For example, we want to support tables, where each cell contains any number of other nodes. We also want to make it possible for clients to create the concept of "banners", which are decorated boxes that contain any number of other nodes.

These features impact painting, layout, and UX. E.g.,

Layout: A table has its own layout, which displays rows and columns.
Paint: A table paints borders and (maybe) headers and drag handles.
UX: Pressing the down arrow at the bottom of a cell moves the caret to the cell immediately below it.

These requirements seem to point towards the need for a tree-based document, instead of a list-based document. This requirement isn't a surprise. Most document formats are structured as trees, e.g., XML, HTML, Markdown. However, we wanted to take our simplistic document list as far as we could before investing in the complexity of a tree-based document. Along those lines, if there's a reasonable path to implement these requirements without moving away from a document list, I'd like to hear about it.

API Problems

By leaning into a document list instead of a document tree, we've created a number of heavily used APIs that don't necessarily make sense in a tree.

Document APIs:

node iterator API
firstOrNull, lastOrNull
getNodeAt(index)
getNodeIndex(node)
getNodeIndexById(nodeId)
getNodeBefore(node)
getNodeAfter(node)

Edit requests:

InsertNodeAtIndexRequest
InsertNodeBeforeNodeRequest
InsertNodeAfterNodeRequest

In other words, all APIs that imply a natural order to nodes are now ambiguous, at best.

We can, in theory, continue to support these APIs by selecting a single tree traversal policy. For example, we can say that we'll always traverse the tree in a depth-first order. This would retain ordering, and would allow us to speak about each node as sitting at a specific index. However, it's unclear if any of the existing uses of the aforementioned APIs would work as expected with tree traversal indices. For example, the composite nodes themselves would be traversed, and would receive an index. Should composite nodes interact with UX policies the same way as a paragraph? Does it make any sense for the caret to placed within a composite node? Probably not.

Comparisons

HTML

HTML is probably the most popular document format due to its use in every webpage. HTML is based on the DOM, which is comprised of a tree of Elements:

Nodes may be strictly organizational, providing a means for grouping other nodes together or for providing a point at which a hierarchy can be constructed; other nodes may represent visible components of a document. Each node is based on the Node interface, which provides properties for getting information about the node as well as methods for creating, deleting, and organizing nodes within the DOM.

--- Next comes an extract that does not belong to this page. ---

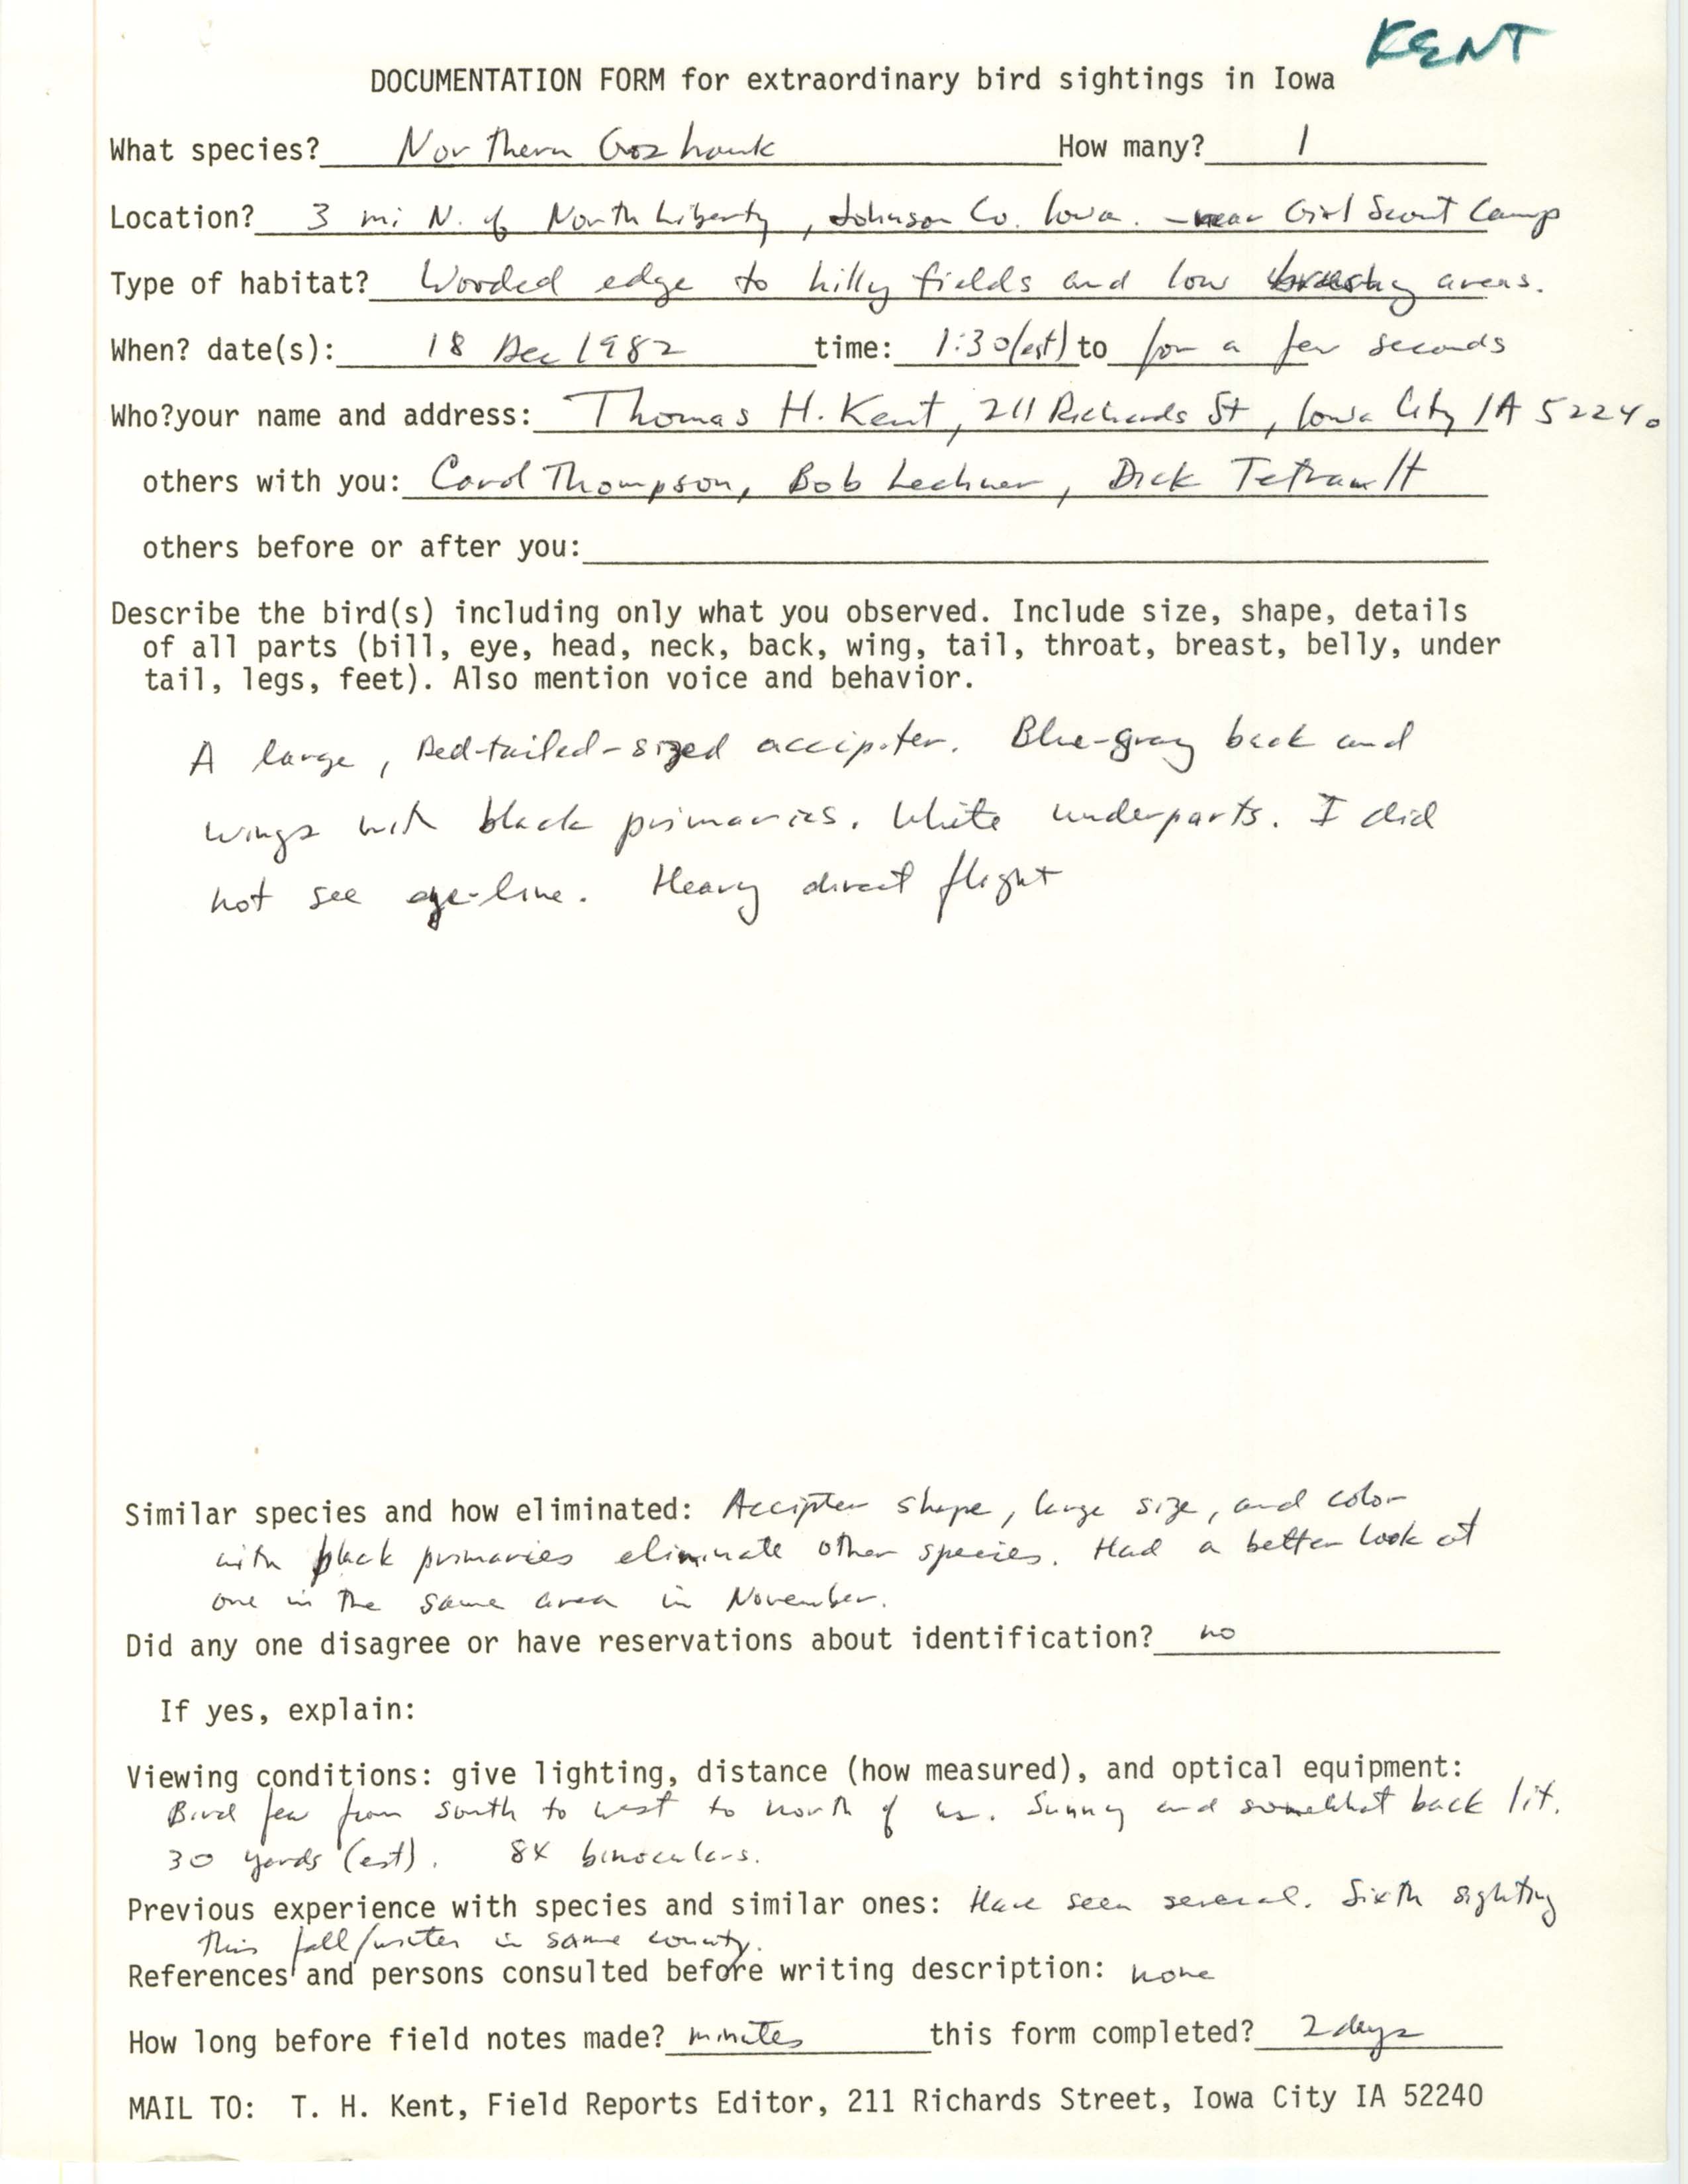 Rare bird documentation form for Northern Goshawk at North Liberty, 1982

Nodes don't have any concept of including the content that is actually displayed in the document. They're empty vessels. The fundamental notion of a node that can represent visual content is introduced by the Element interface. An Element object instance represents a single element in a document created using either HTML or an XML vocabulary such as SVG.

https://developer.mozilla.org/en-US/docs/Web/API/HTML_DOM_API

HTML Elements are notoriously annoying to work with. The use of this tree structure eventually lead to the advent of JQuery - a collection of functions for more easily querying and mutating the DOM.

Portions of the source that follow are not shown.